Adjusted working directory to project root


## Initialize Spark Session

In [3]:
spark = pyspark.sql.SparkSession.builder \
    .appName("ML_Pipeline_Training") \
    .master("local[*]") \
    .getOrCreate()

spark.sparkContext.setLogLevel("ERROR")

print("Spark session initialized successfully")

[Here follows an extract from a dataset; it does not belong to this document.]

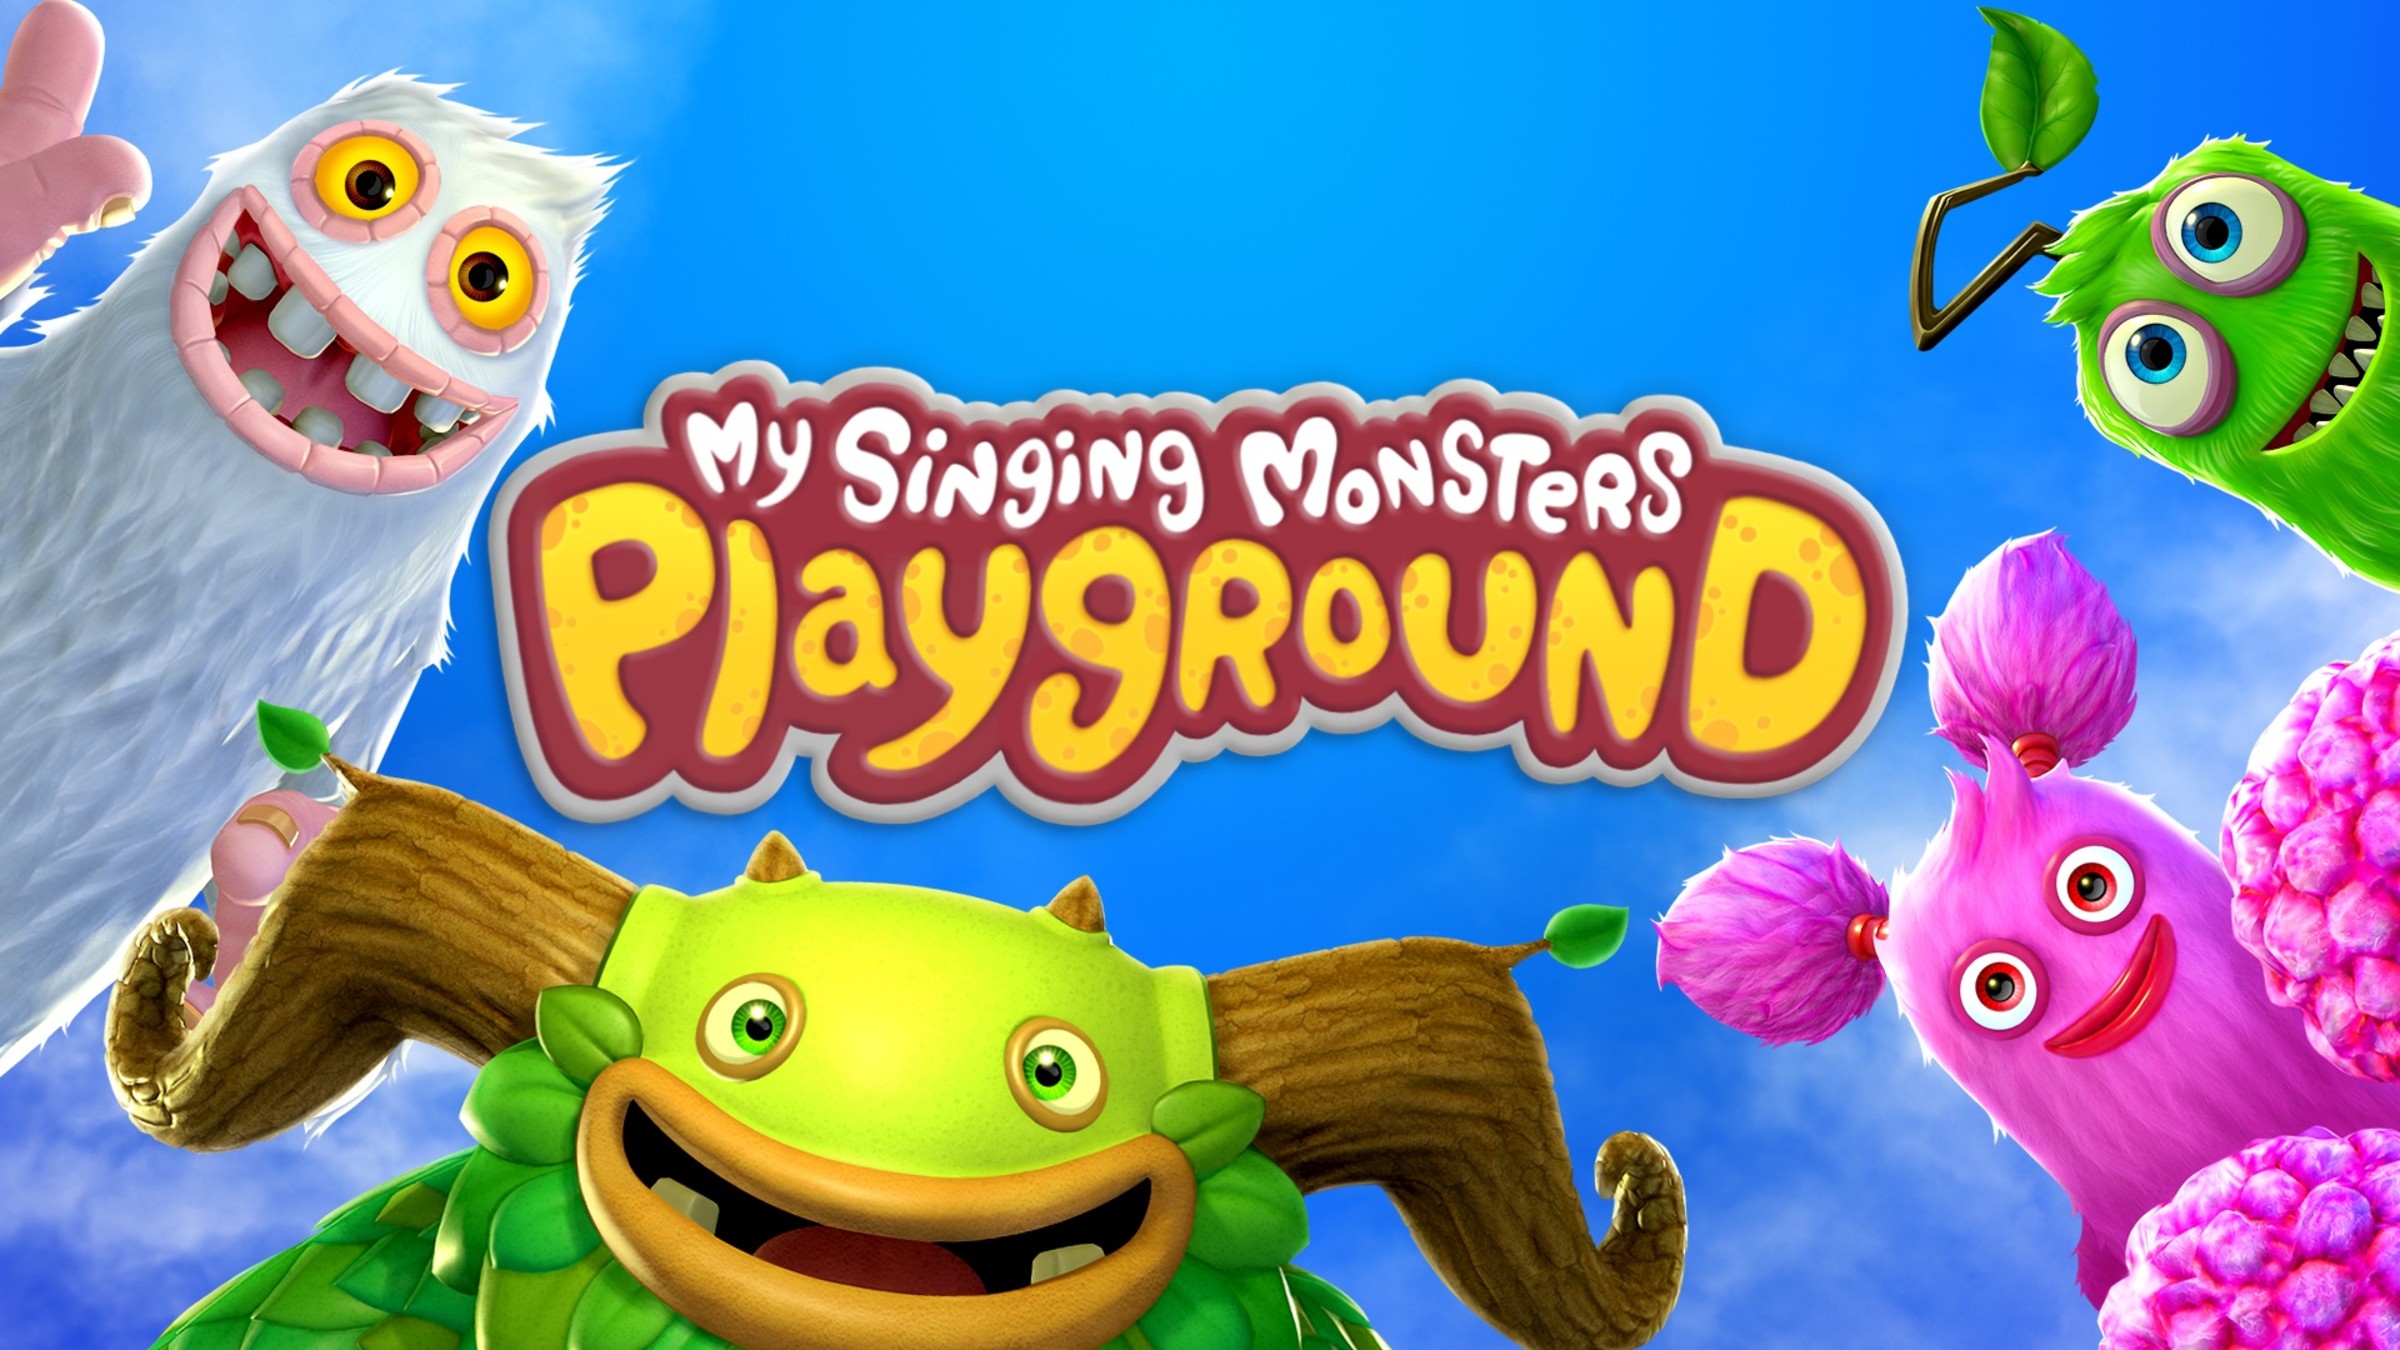 My Singing Monsters Playground For Nintendo Switch - Nintendo Official Site
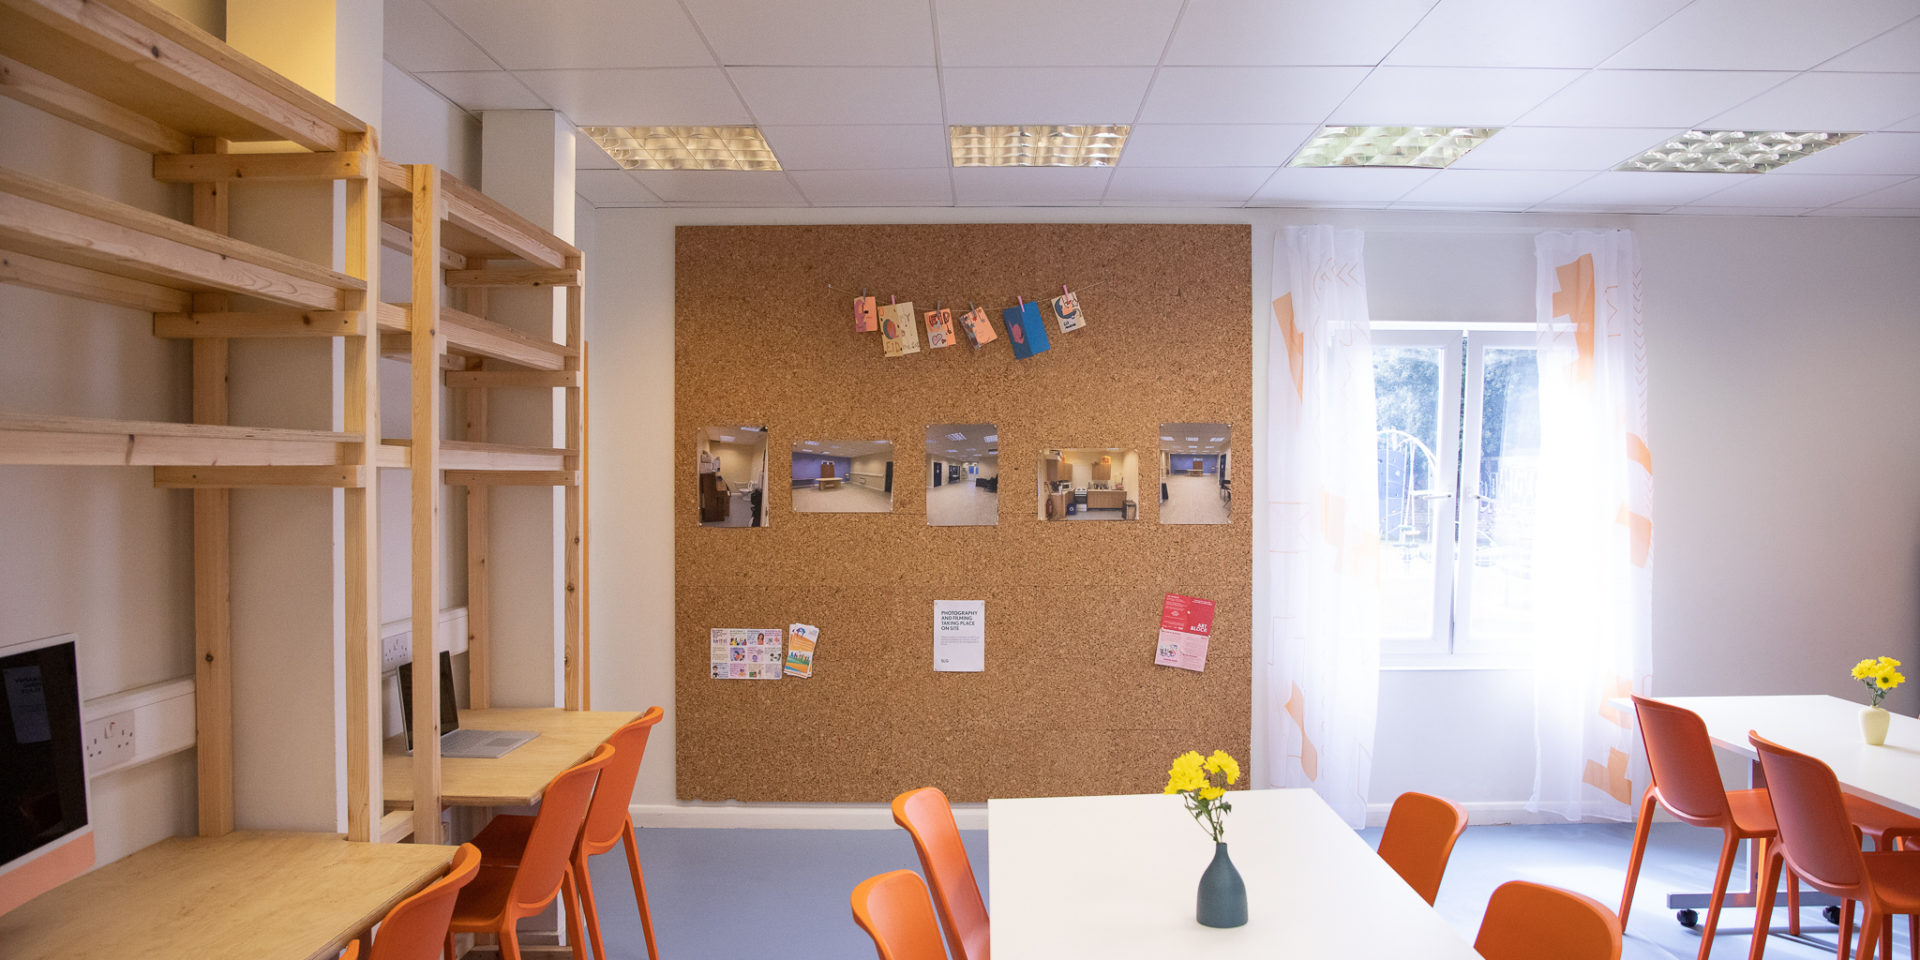 A bright community centre room. There are lots of orange chairs and a big notice board with photos on it. There is a vase with daffodils on the table.

Setting default log level to "WARN".
To adjust logging level use sc.setLogLevel(newLevel). For SparkR, use setLogLevel(newLevel).
25/06/28 08:27:36 WARN NativeCodeLoader: Unable to load native-hadoop library for your platform... using builtin-java classes where applicable
25/06/28 08:27:37 WARN Utils: Service 'SparkUI' could not bind on port 4040. Attempting port 4041.


Spark session initialized successfully


## Build Training Configuration

In [4]:
config = mt.build_training_config(
    training_date_str="2024-09-01",
    models_to_train=["logistic_regression", "random_forest", "xgboost"],
    train_test_period_months=12,
    oot_period_months=2,
    train_test_ratio=0.8,
    cv_folds=3,
    hyperparameter_iterations=10,
    random_state=88,
    feature_store_path="datamart/gold/feature_store/",
    label_store_path="datamart/gold/label_store/",
    model_bank_directory="models/"
)

print("Training configuration built successfully:")
pprint.pprint(config)


Training configuration built successfully:
{'cv_folds': 3,
 'feature_store_path': 'datamart/gold/feature_store/',
 'hyperparameter_iterations': 10,
 'label_store_path': 'datamart/gold/label_store/',
 'model_artifacts_output': {},
 'model_bank_directory': 'models/',
 'model_train_date': datetime.datetime(2024, 9, 1, 0, 0),
 'model_train_date_str': '2024-09-01',
 'models_to_train': ['logistic_regression', 'random_forest', 'xgboost'],
 'oot_end_date': datetime.datetime(2024, 8, 31, 0, 0),
 'oot_period_months': 2,
 'oot_start_date': datetime.datetime(2024, 7, 1, 0, 0),
 'random_state': 88,
 'train_test_end_date': datetime.datetime(2024, 6, 30, 0, 0),
 'train_test_period_months': 12,
 'train_test_ratio': 0.8,
 'train_test_start_date': datetime.datetime(2023, 7, 1, 0, 0)}


## Load Training Data

In [5]:
print("Loading training data from feature and label stores...")
data_pdf = mt.load_training_data(config, spark)

if data_pdf is None:
    raise ValueError("Failed to load training data")

print(f"Training data loaded successfully: {data_pdf.shape}")
print("\nSample merged data:")
print(data_pdf[['Customer_ID', 'snapshot_date', 'label', 'annual_income']].head())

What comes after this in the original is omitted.